### ASSIGNED TASK
When you reach the line that contains "Instauction.com - Creative" below, transcribe it and each line after it word for word to the end of the records, omitting pictures.
-- INPUT RECORDS follows --
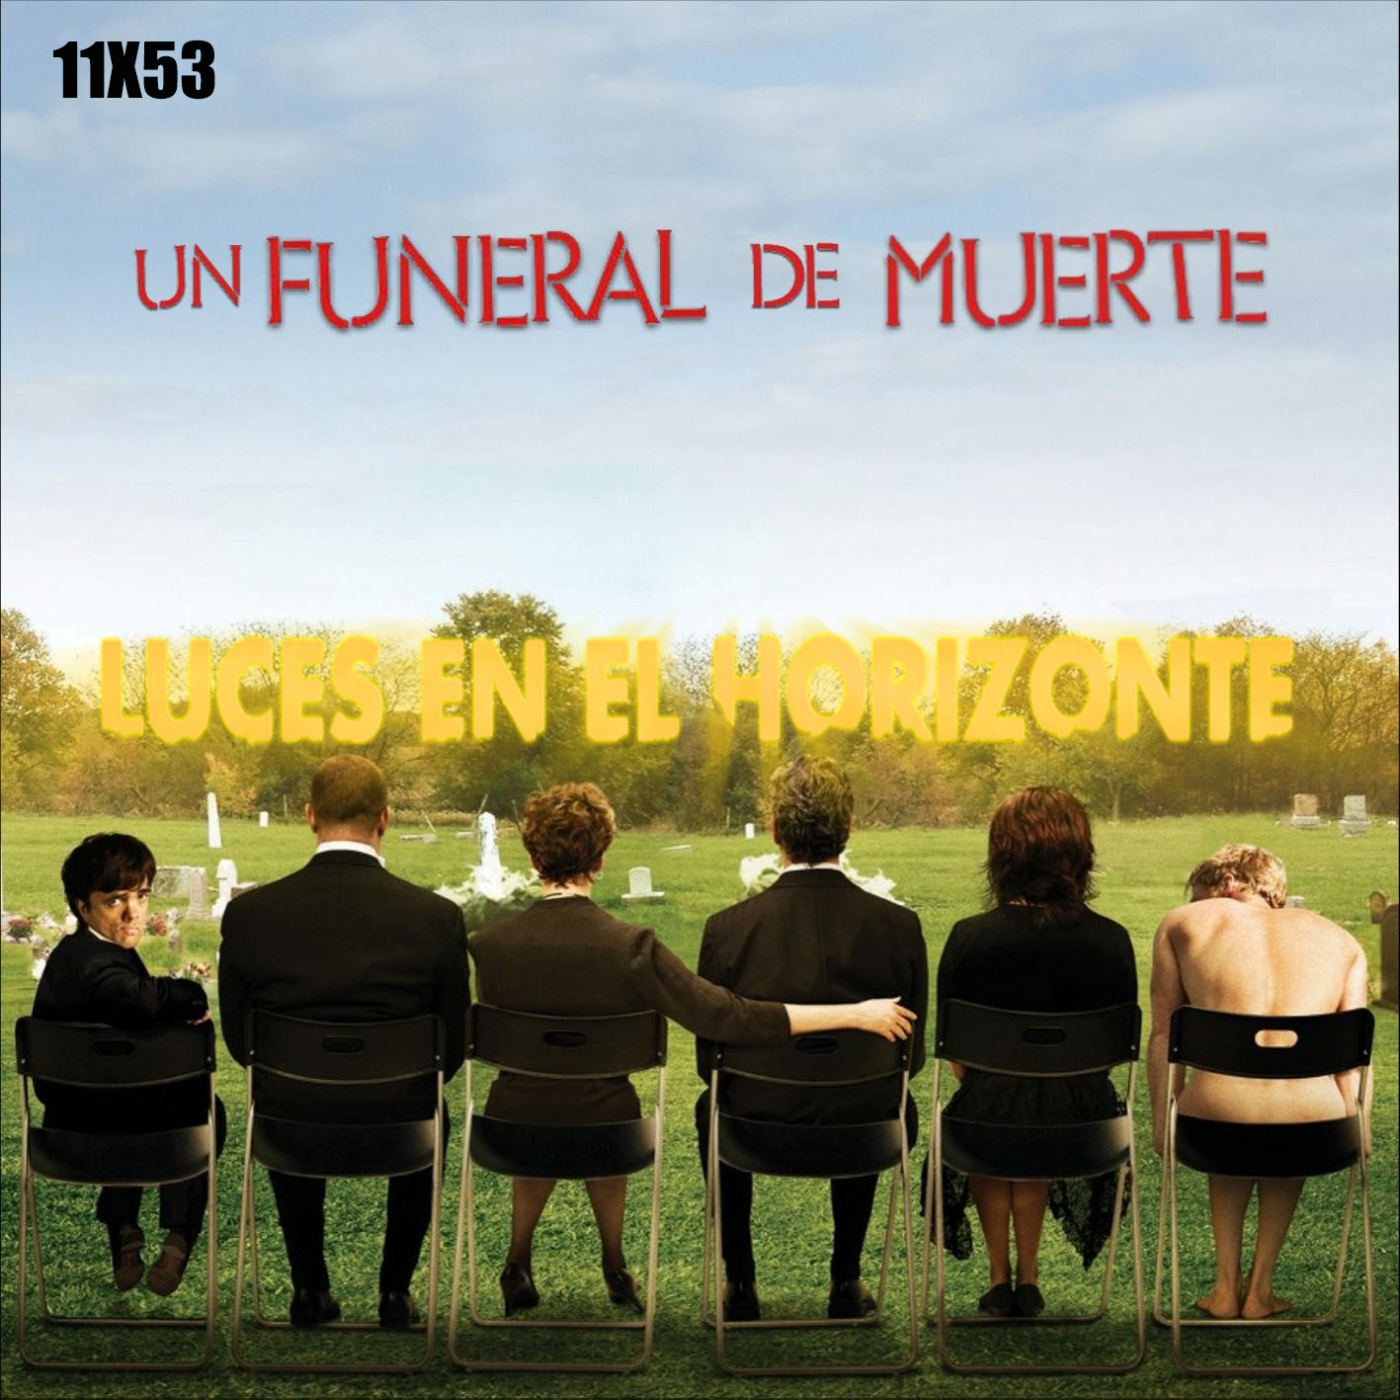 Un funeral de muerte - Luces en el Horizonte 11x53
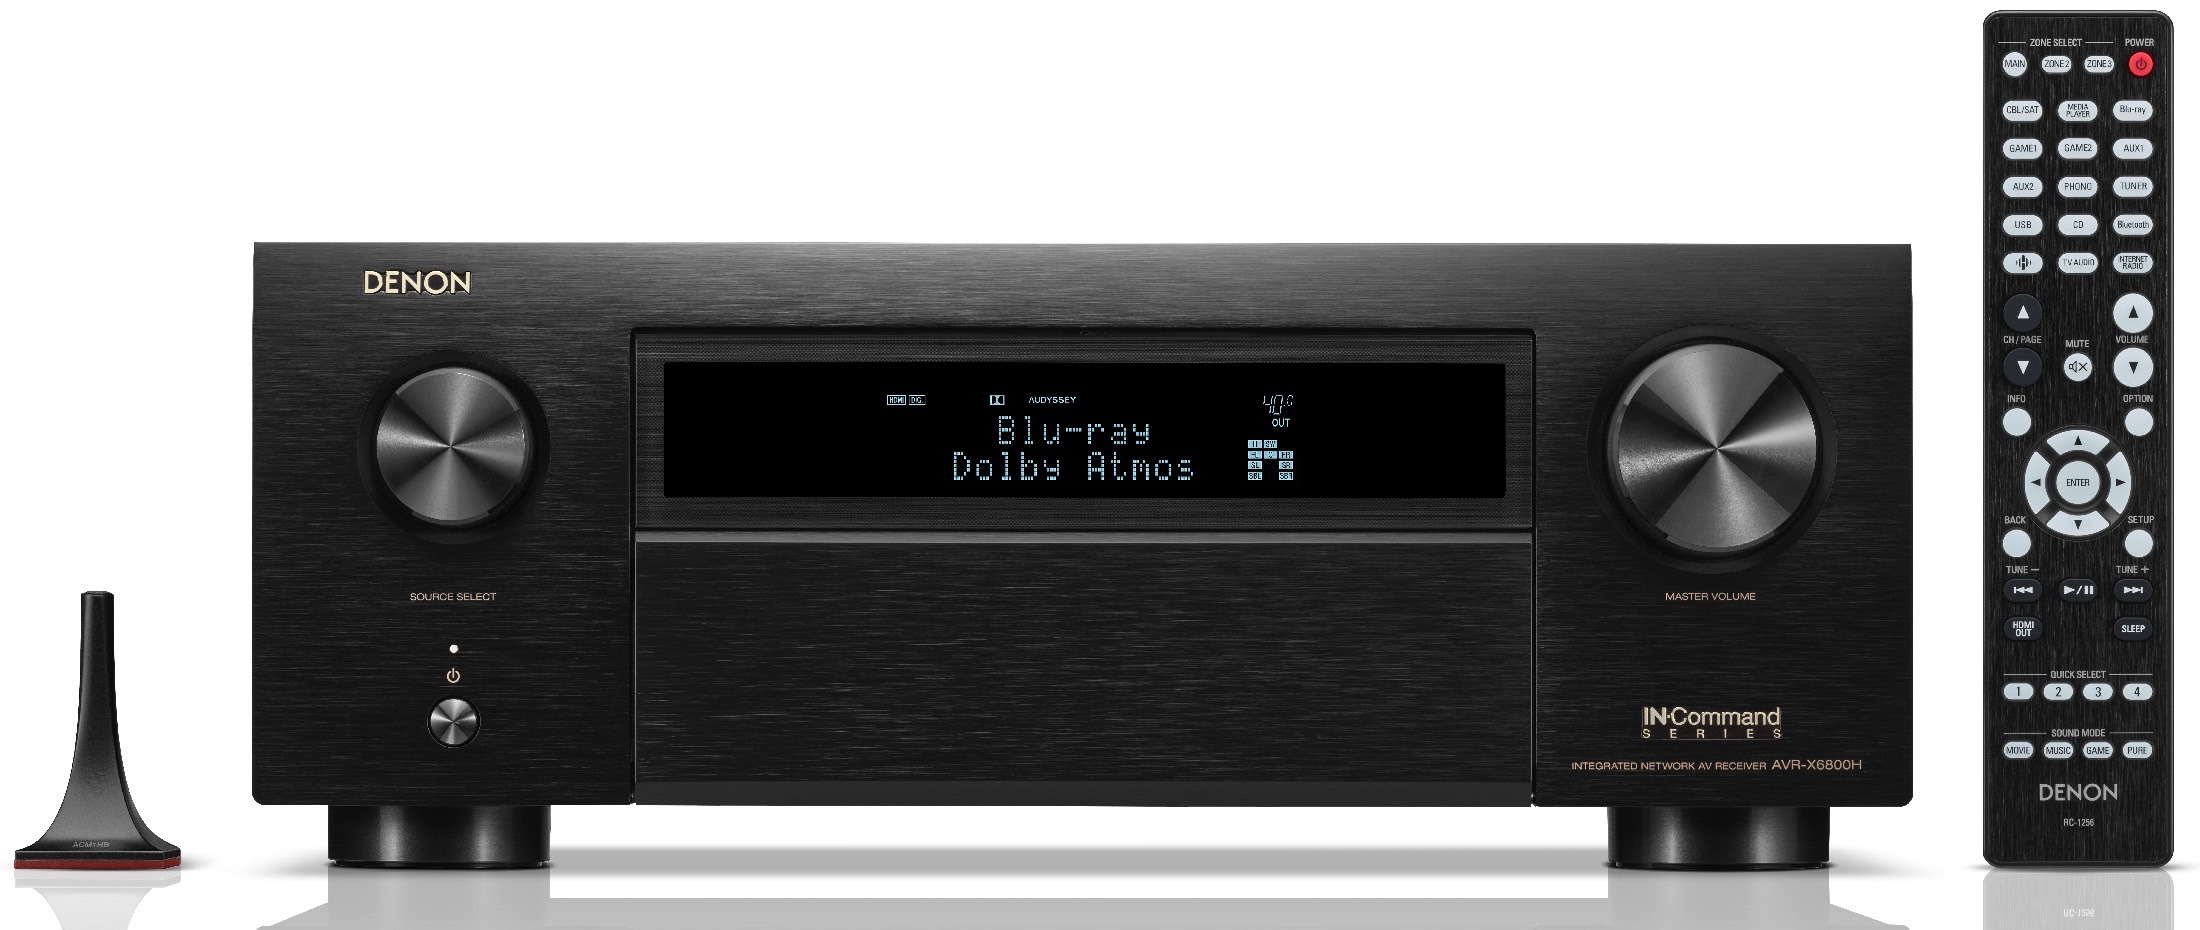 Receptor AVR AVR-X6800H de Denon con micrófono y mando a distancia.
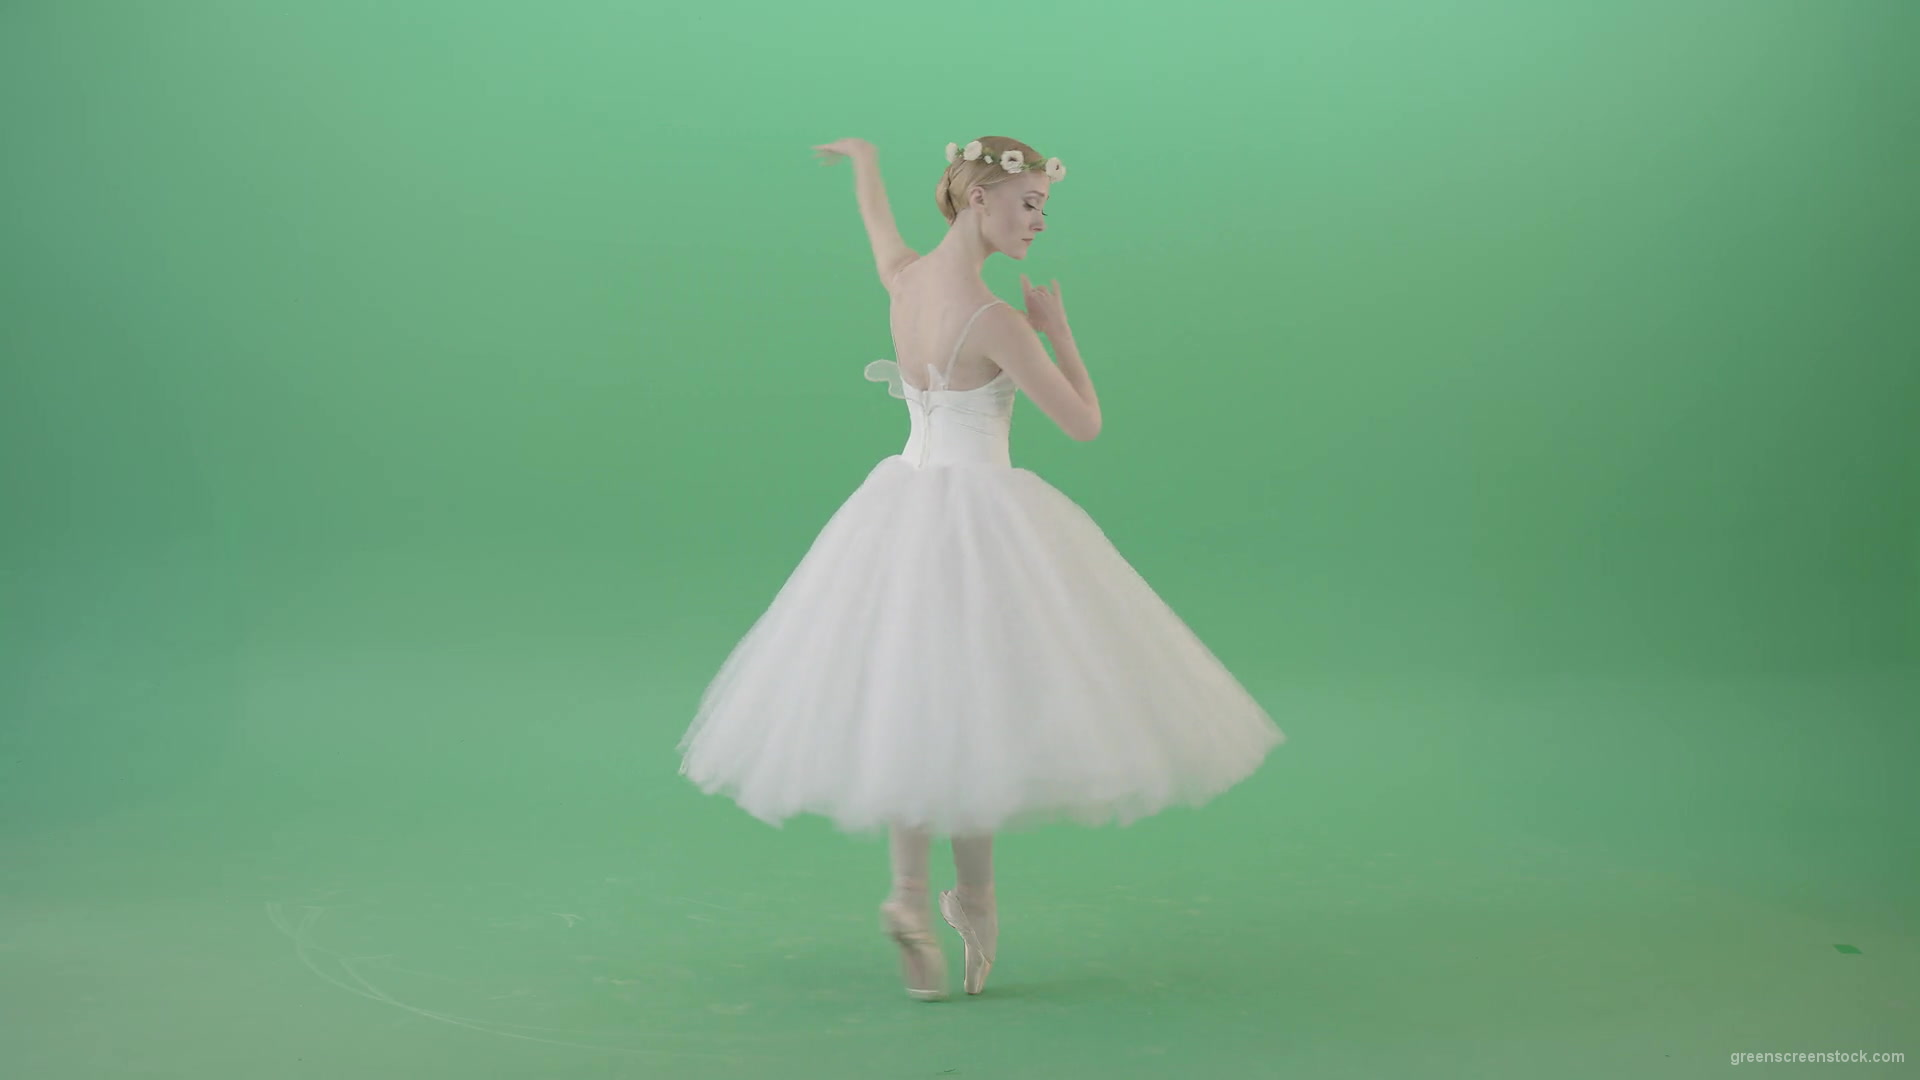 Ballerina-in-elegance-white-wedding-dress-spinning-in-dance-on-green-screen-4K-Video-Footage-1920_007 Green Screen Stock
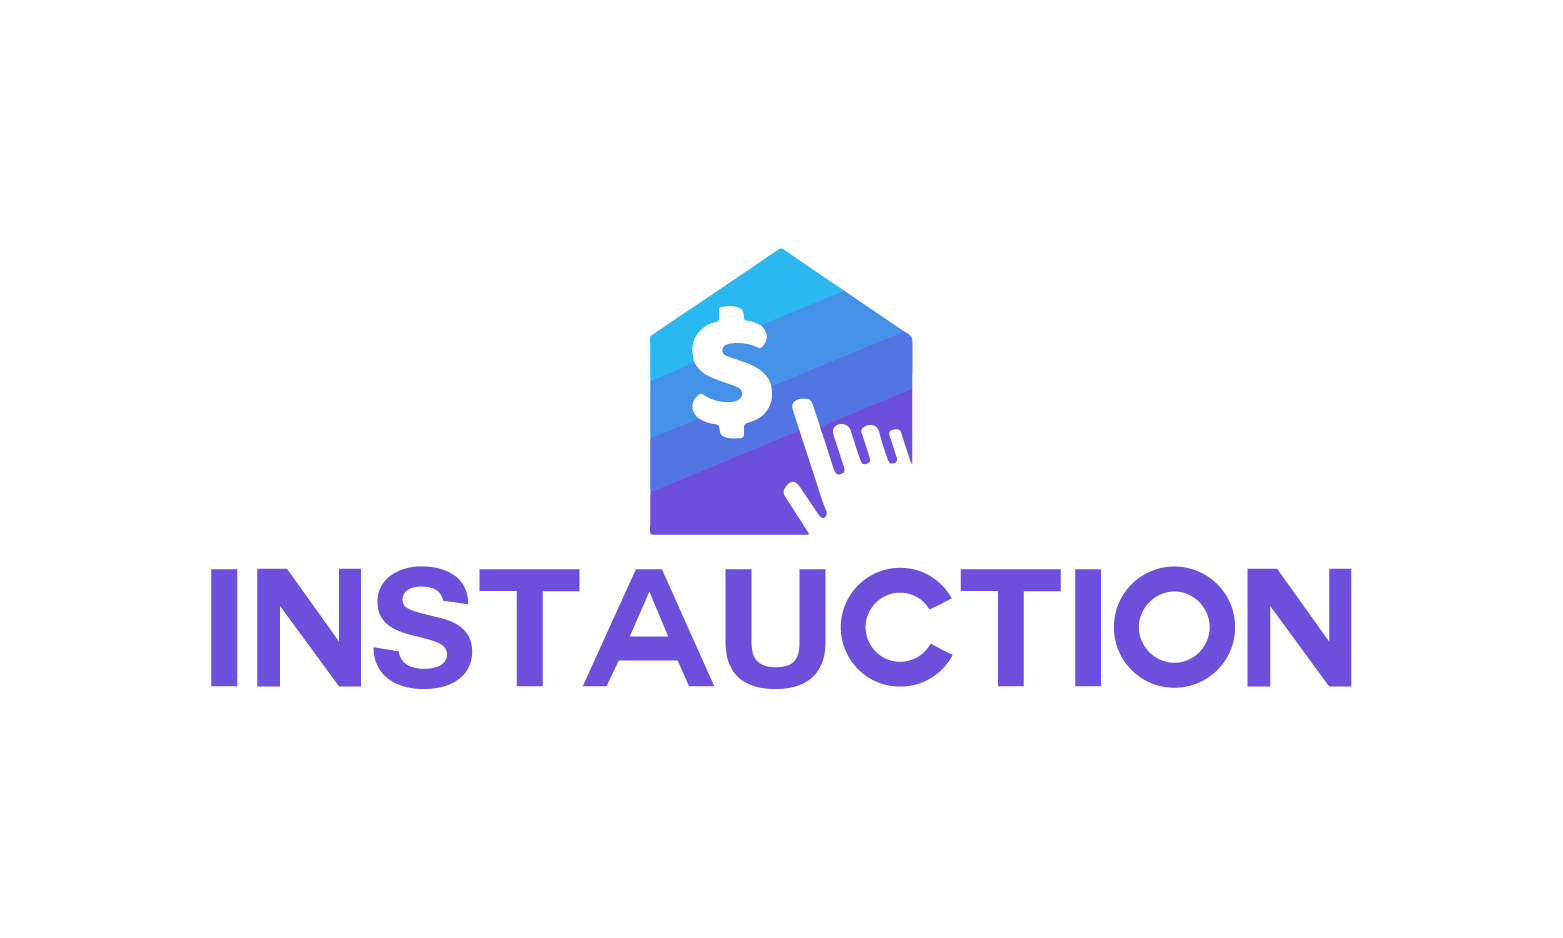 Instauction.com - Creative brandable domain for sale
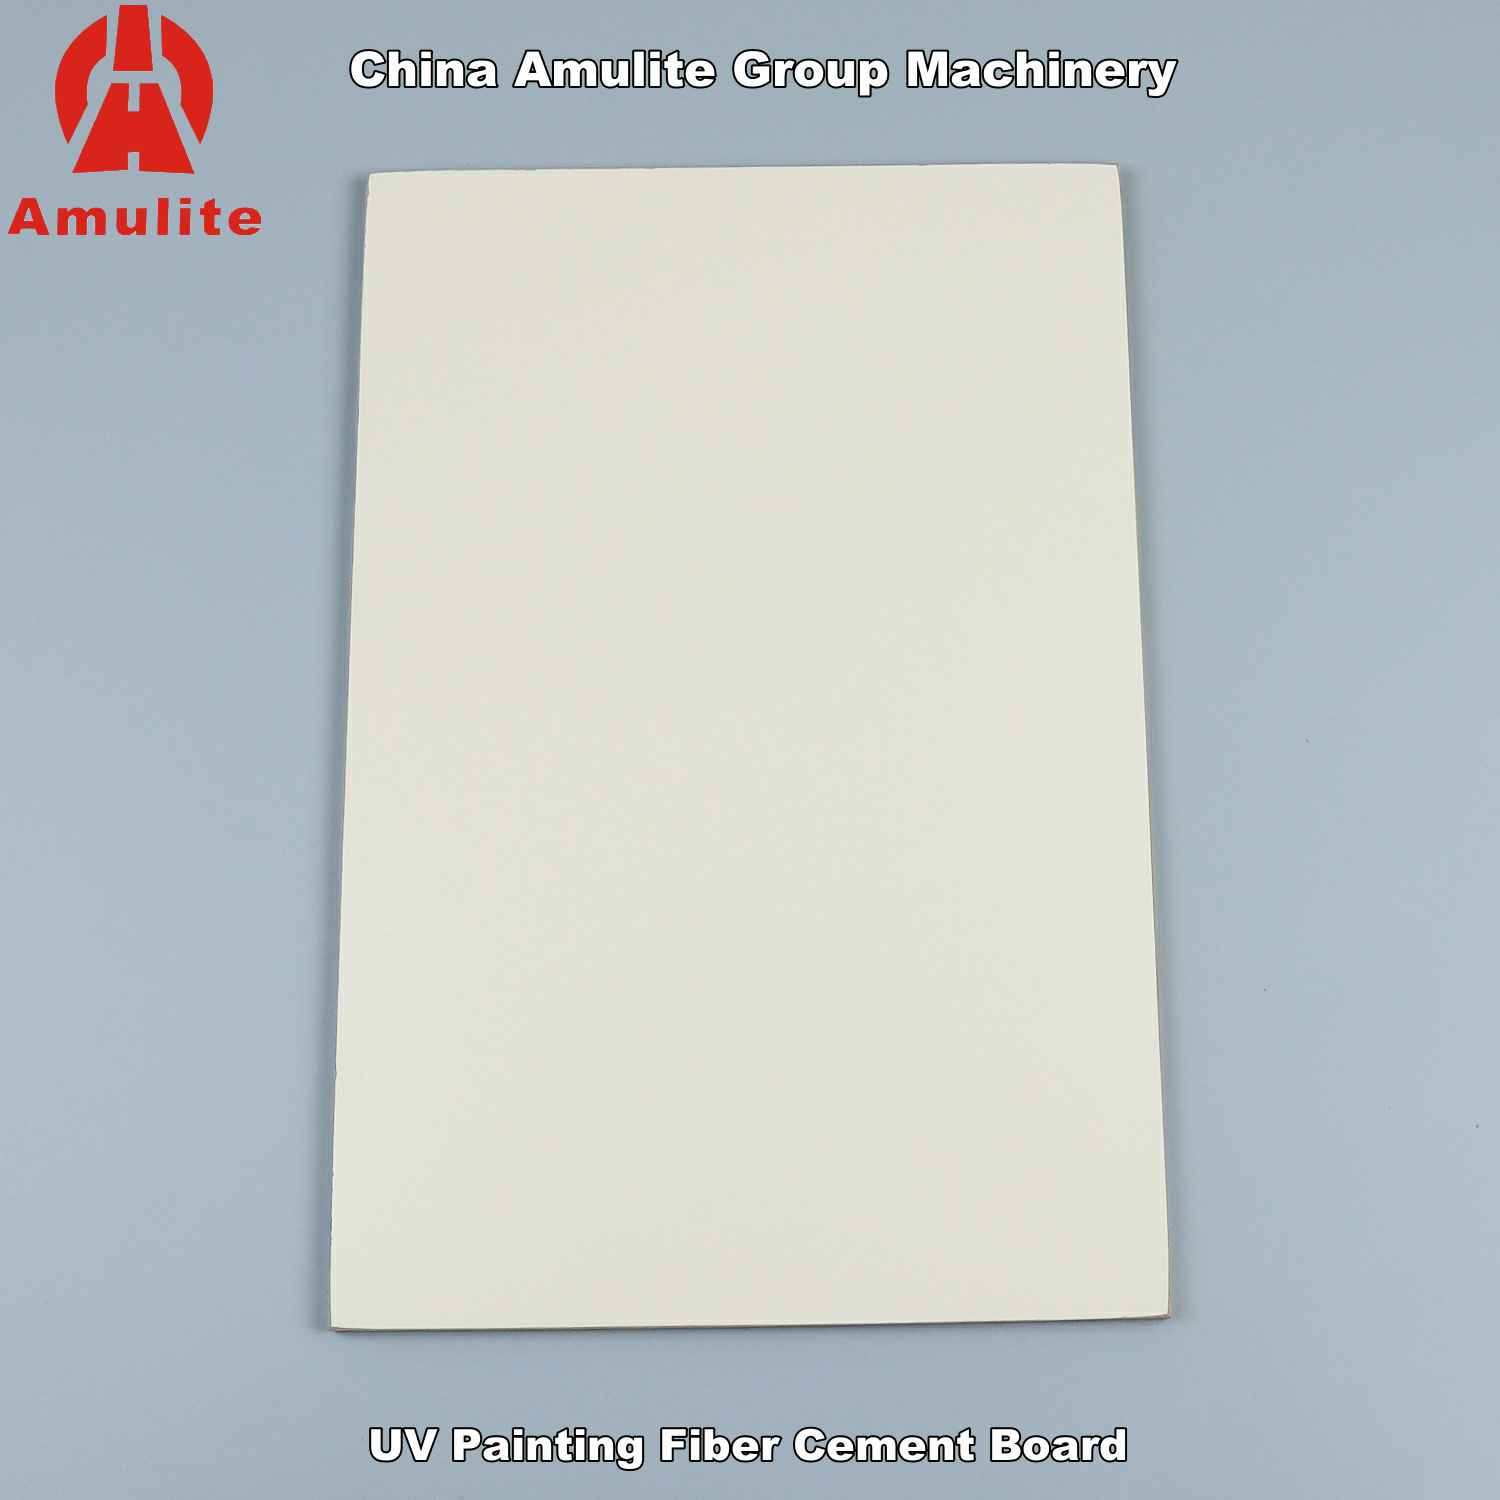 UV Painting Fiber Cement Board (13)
-- INPUT RECORDS concluded --
### FINISHED TASK
 Instauction.com - Creative brandable domain for sale
 UV Painting Fiber Cement Board (13)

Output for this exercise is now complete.